White Water Life Rafting

by Becky Donofrio

CHOICESS



We first met Christi in October, 1989. Her service coordinator called and asked if we could help her to find a job. Oh, there were a few other details he wanted us to know-- Christi was 21 years old had always lived at home with her mom and stepfather and sisters but had recently experienced separation from her mother because her mother moved to Japan, she had been raped by her stepfather, removed from her parents home and her two half sisters, placed in an out of home respite placement for 21 days then on to a full time residential placement, had dropped out of her day service at a University and left all of her closest friends and she was 5 months pregnant and had had no prenatal care. For some reason the idea of a job search flew from our minds.

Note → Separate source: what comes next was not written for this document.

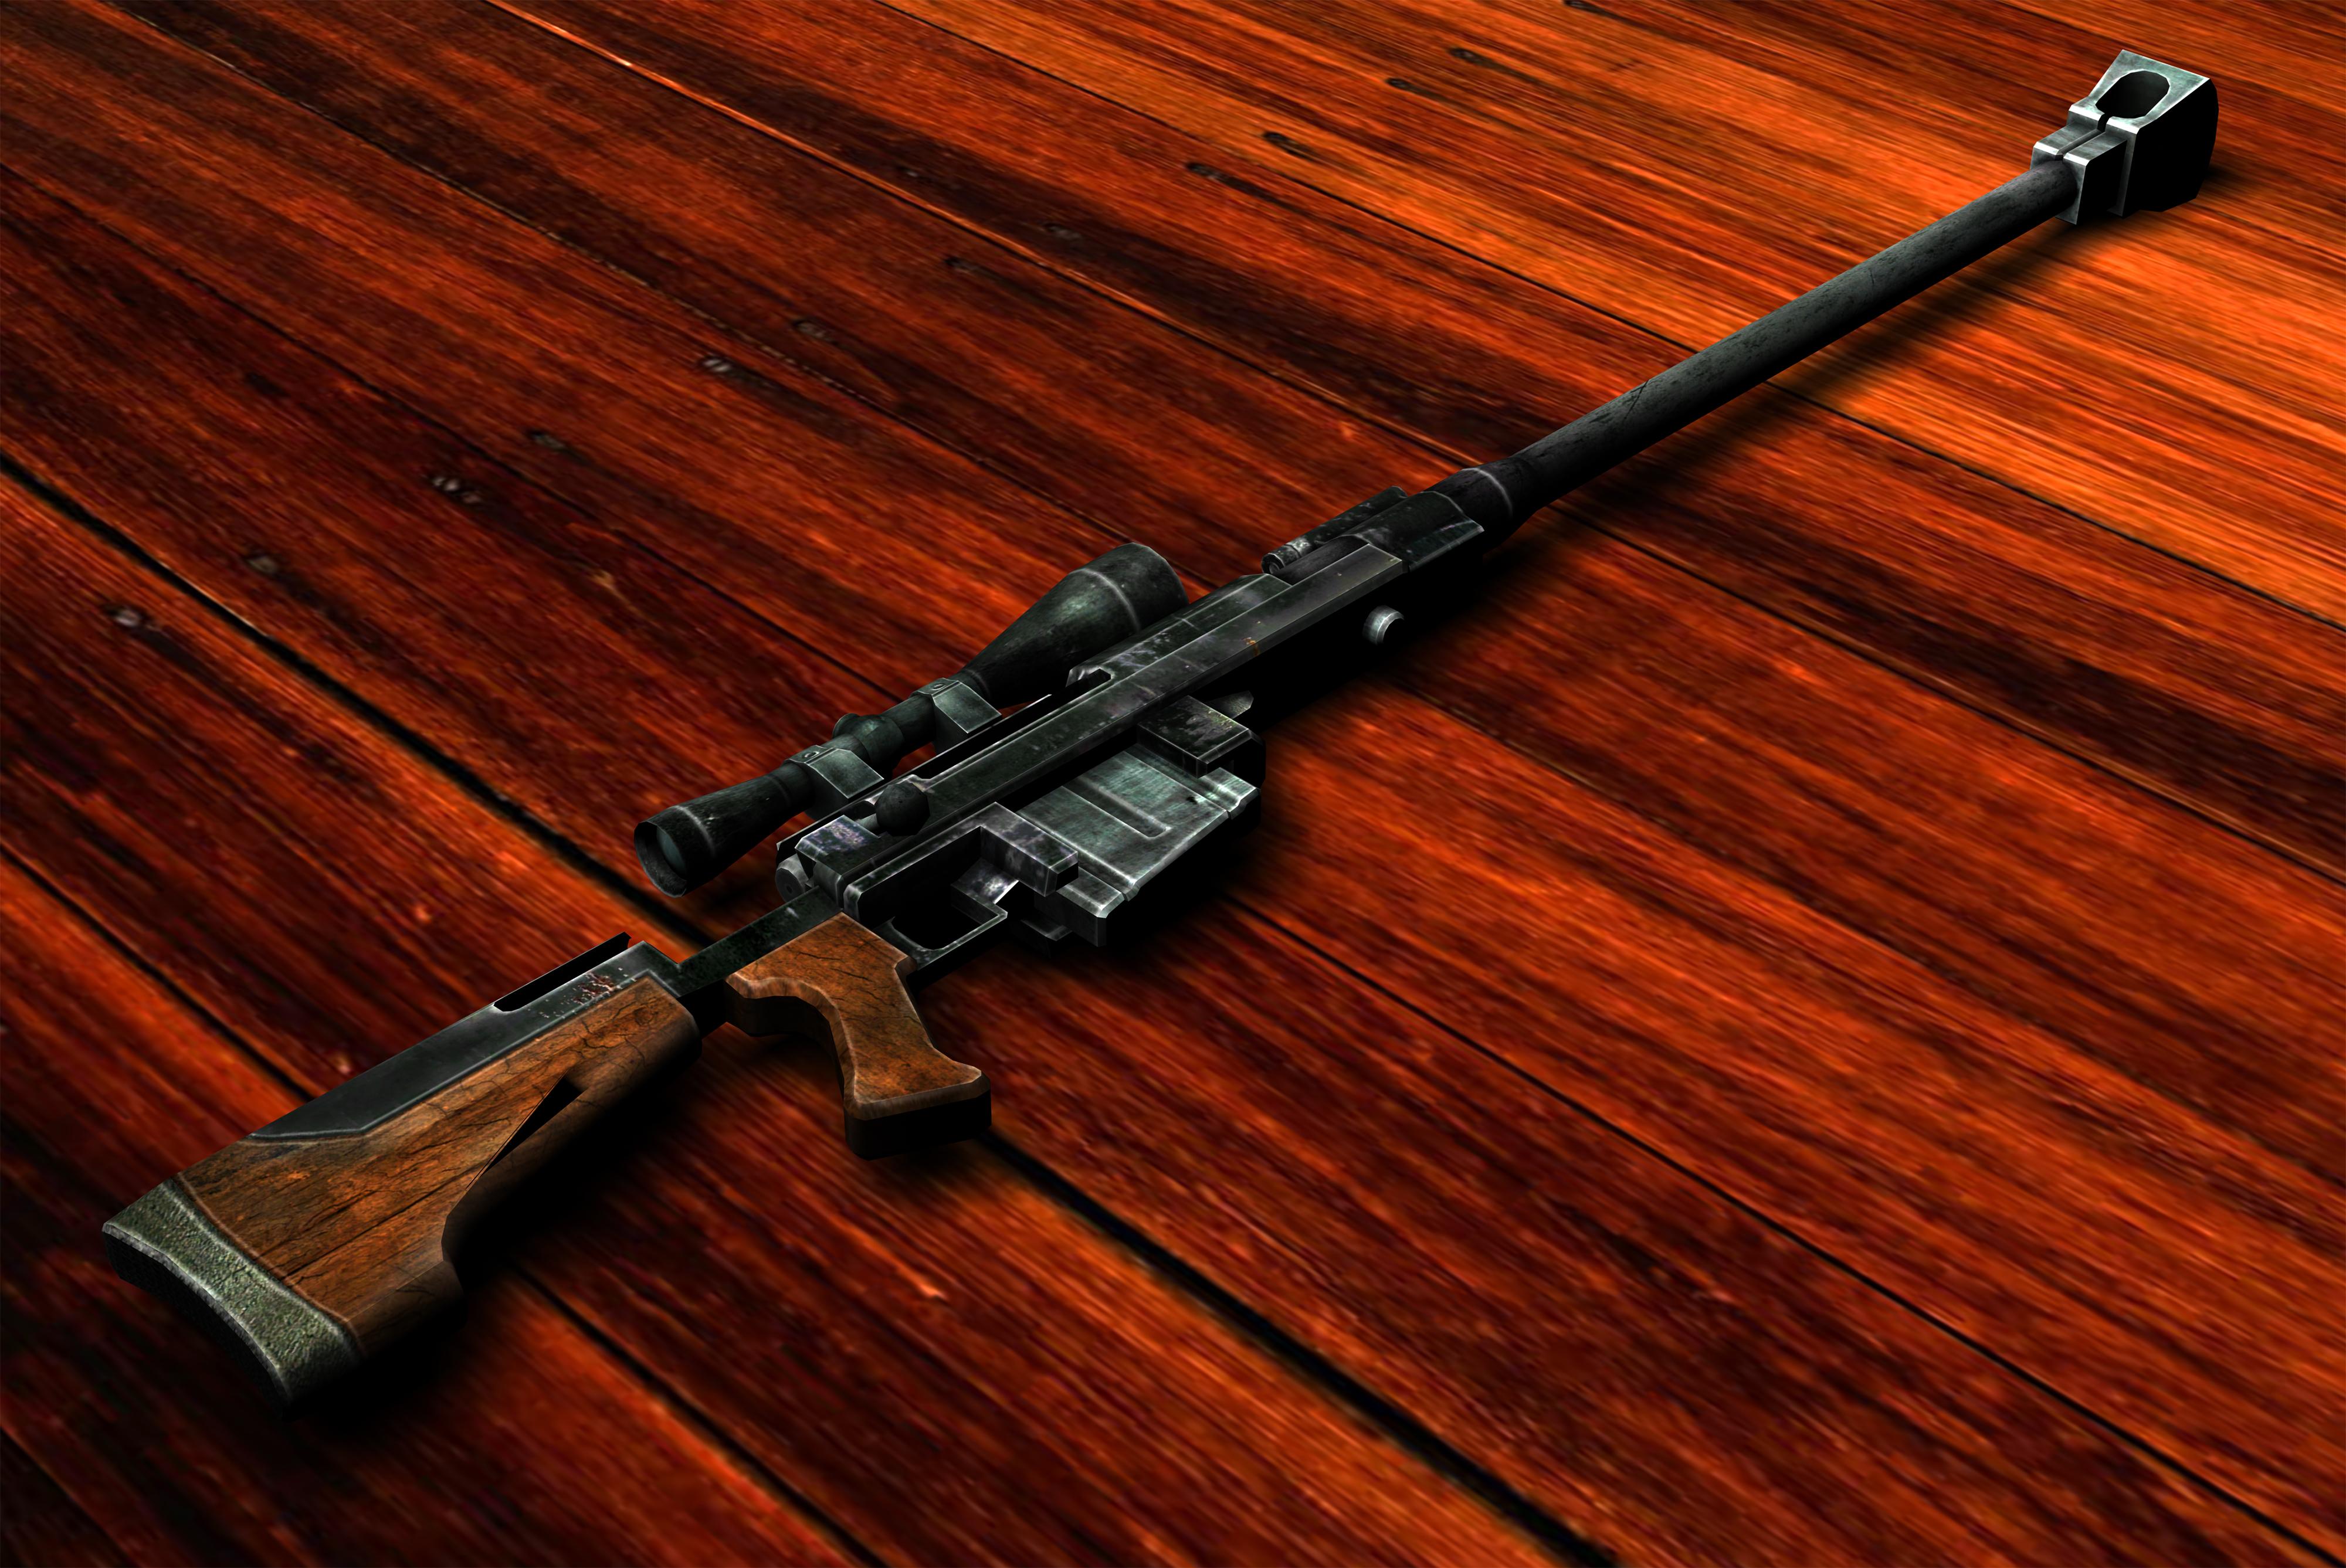 Shooting Material: Anti-materiel Rifle

We went right to work on the fast track of getting to know Christi-- at that time there were only 3 of us working for CHOICESS and we were assisting just a few other people. Kathy, Joe and I enjoyed spending time with Christi very much and she seemed to like us also since we were going to all of her favorite places and hanging out with people she enjoyed seeing and listening lots to what she wanted to talk about. Because we were very bright and enlightened human service workers, we noted and other people told us that Christi was sad and disturbed by the events of the prior few months and spent a lot of time displaying that sadness in various ways-- pulling her shirt over her face and head, "eloping" they called it from the facility where she lived, nagging at the other women who lived there, refusing to "homogenize" with her housemates with whom she shared little interest (and did not happen to choose to attend the same sheltered workshop they had all coincidentally chosen to attend), she made up all kinds of interesting stories to tell a number of people from her service coordinator to her ex-teacher to her boyfriend (she has always had a flair for creativity especially evident in times of stress). She never really sat and said I am depressed because I am pregnant and I am scared about what is going to happen to me and my baby and I don't know why my step father would do this to me and I don't like where I am living now. In fact, she spent a good deal of time giggling and hiding her face. Through this time, however, we had a sense of urgency because her child was due in January and this was October, November.

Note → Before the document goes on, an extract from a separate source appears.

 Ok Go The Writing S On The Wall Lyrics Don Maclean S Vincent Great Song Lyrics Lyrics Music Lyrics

We call this story White Water Rafting because from the day we met Christi that is what it has been like and we all jumped straight in to the white water together--there was no gentle river ride relaxing and talking leading to the white water it was straight into the rapids. So, together with Christi we found her the way to a counseling agency that was walking distance from her home where she met twice a week with a woman who would listen through Christi's shirt or from behind a pillow comments related to her feelings about being raped, her fears about how it had been told to her by a number of people that she would go to County Hospital and have her baby and the baby would immediately be removed and she would never see her child again and many other things they shared. This woman would give her a ride home from counseling because it was dark when they were done and she worried about Christi walking. No one asked, paid for or arranged this she offered it to Christi. The counseling center referred Christi to a doctor, we took relaxercise classes at adult school until she was ready to take Lamaze. She and I took Lamaze class together-- Joe and I had just had our daughter, Brianna, in August so I was pretty familiar with the proceedings-- we borrowed the videos from the teacher and viewed them more often so Christi and I could talk about them while we watched.

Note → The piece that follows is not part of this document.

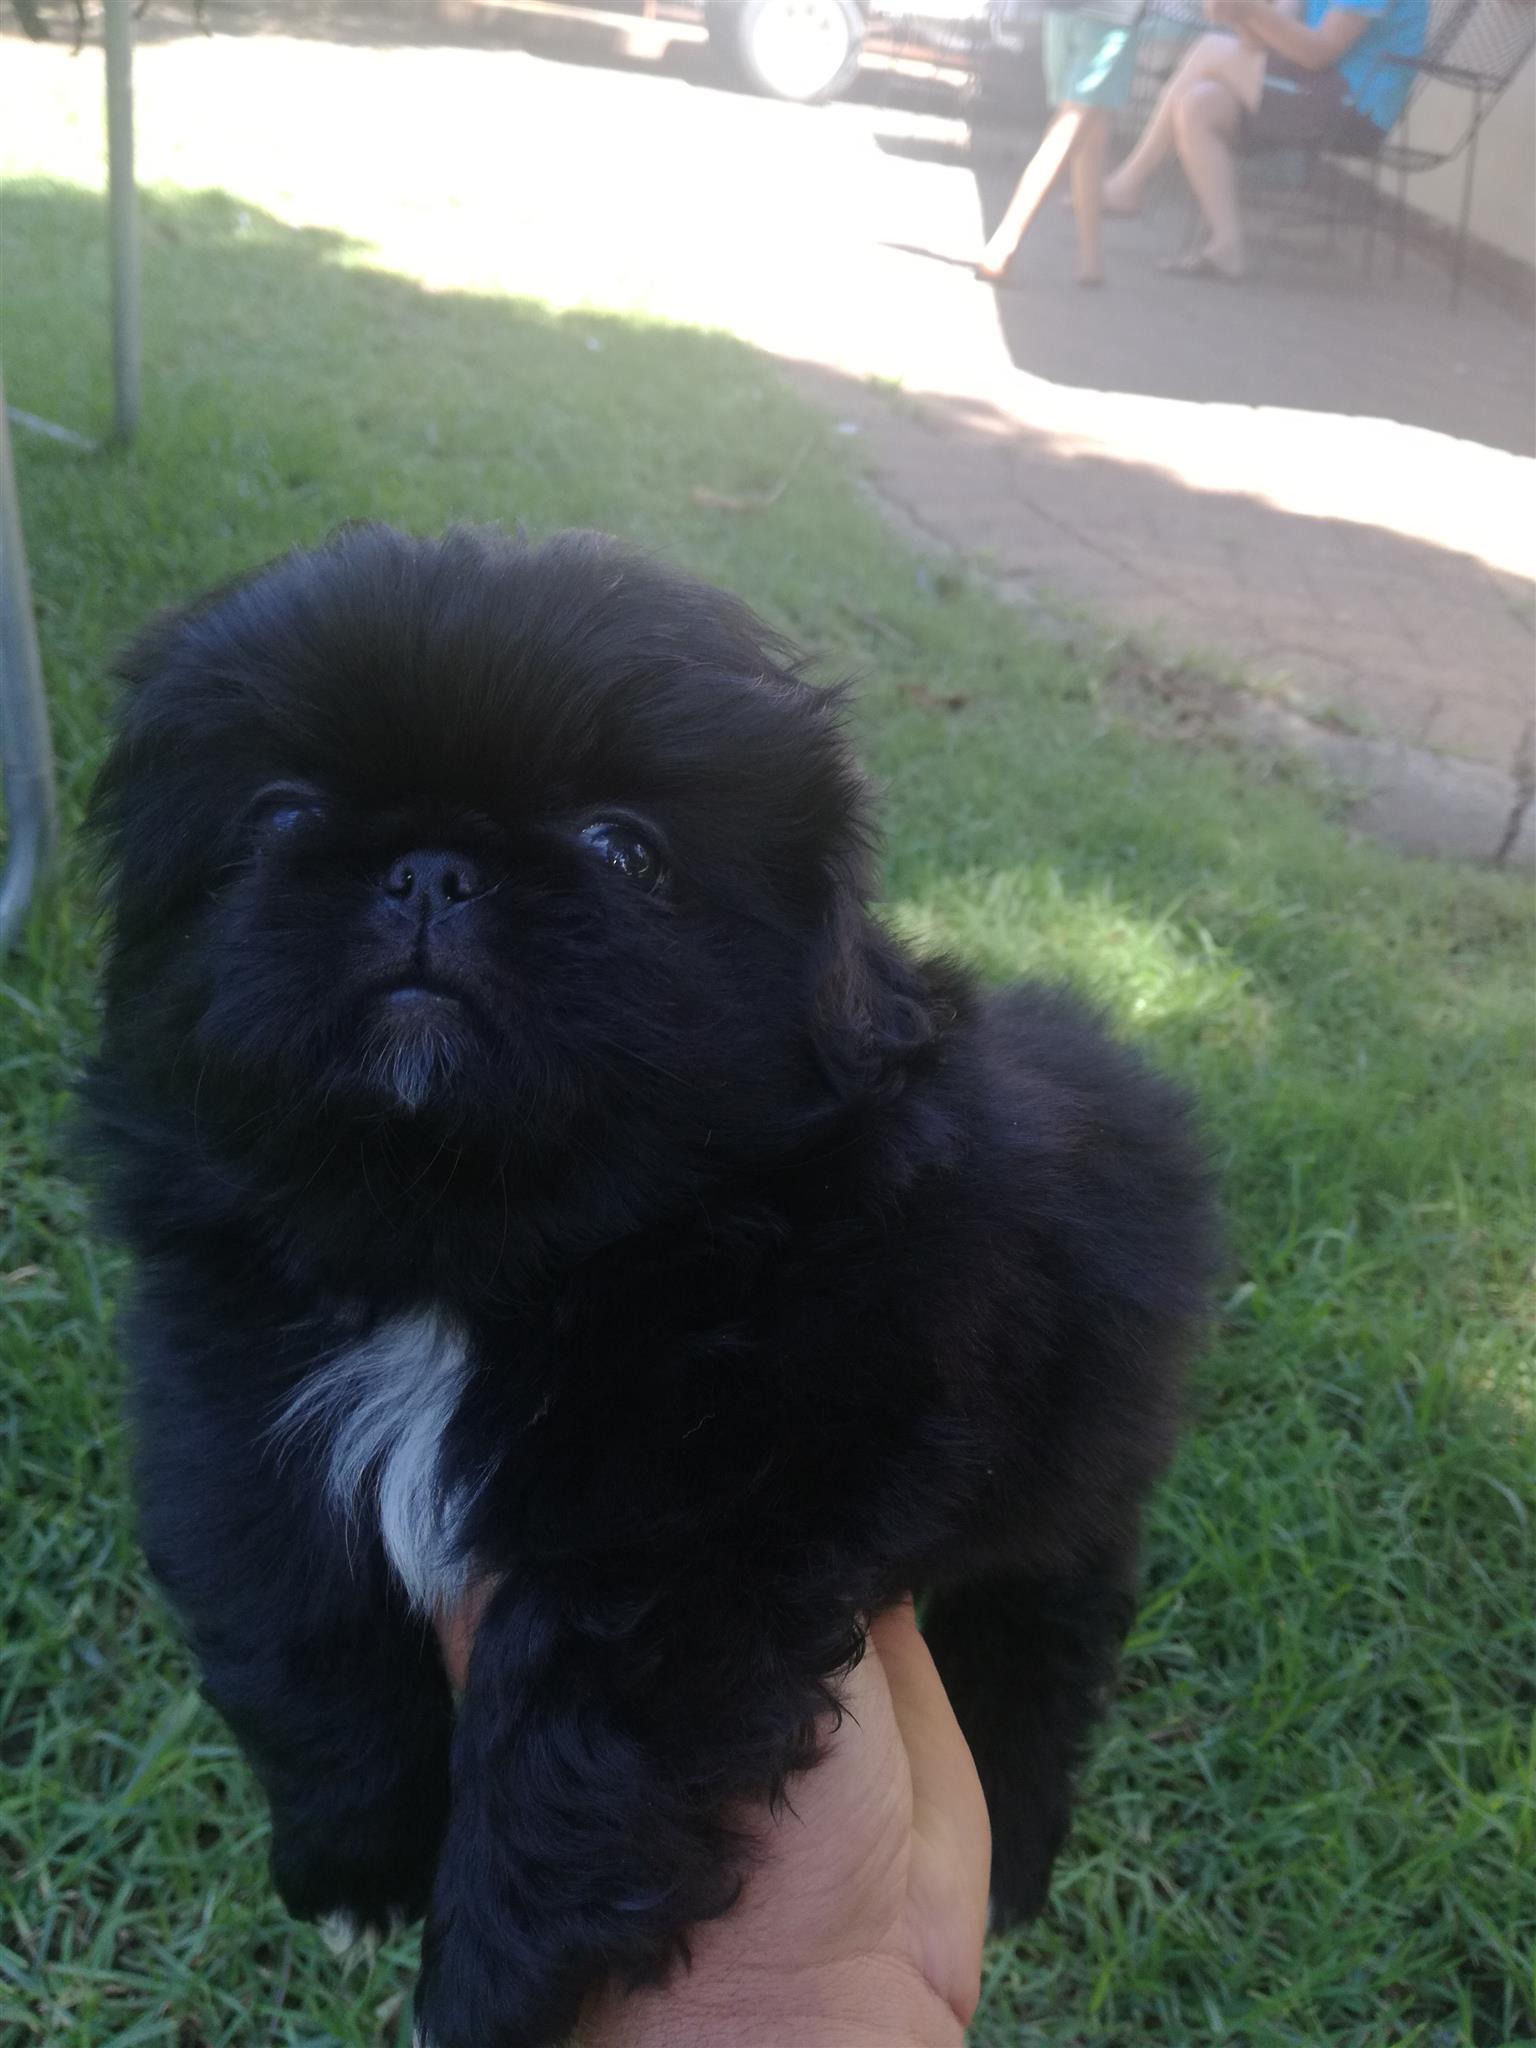 Purebred pekingese puppies for sale in Springs/Gauteng

After hearing about the possibilities of having support services so that she could live with her baby and raise her child and other alternatives like open or cooperative adoption, Christi made a decision to meet with an attorney who friends of hers (Mary Falvey and Richard Rosenberg) had told her about. During October 1989 Christi met John and Nancy, Adam and Wendy, Sally and Paul, Nick and Heather -- four couples who shared with her their resumes and interest in welcoming her child into their lives and homes. What a rush of feelings there were as she met with each of these couples in places that she designated--parks, mostly--and discussed the things they liked to do, what their lives had been like, how many children and/or animals they already lived with and anything else she wanted to ask or they wanted to share. She was no longer afraid that the County Hospital scenario was going to take over her child but she knew that one of these couples of her choosing would welcome her child with open arms and that she would be able to continue to see her baby for as long as they all agreed. She invited me to be at each of these meetings and we talked a lot after them while she considered her decision. She was fair and honest in her comments about each family. Just before Christmas 1989, she called Adam and Wendy and offered them the "best Christmas present you have ever had" she said, "I want you to have my baby."

On January 2 1990 Tobias was welcomed into this world as quickly as Christi does most everything-- barely making it to the hospital with her Mom who was visiting from Japan with her Lamaze coach meeting them at the car and walking her down the hall to the labor room--only to get up on the bed long enough to be checked once and the baby was crowning. No time for reminding about breathing, no time for soothing music, no time for focus point--Toby was here. Ten minutes later, Adam and Wendy were at the hospital to see Christi and their beautiful son and to share the next two precious days of motherhood with Christi. Those two days with Christi, Toby and Adam and Wendy were unforgettable for all of us who experienced them.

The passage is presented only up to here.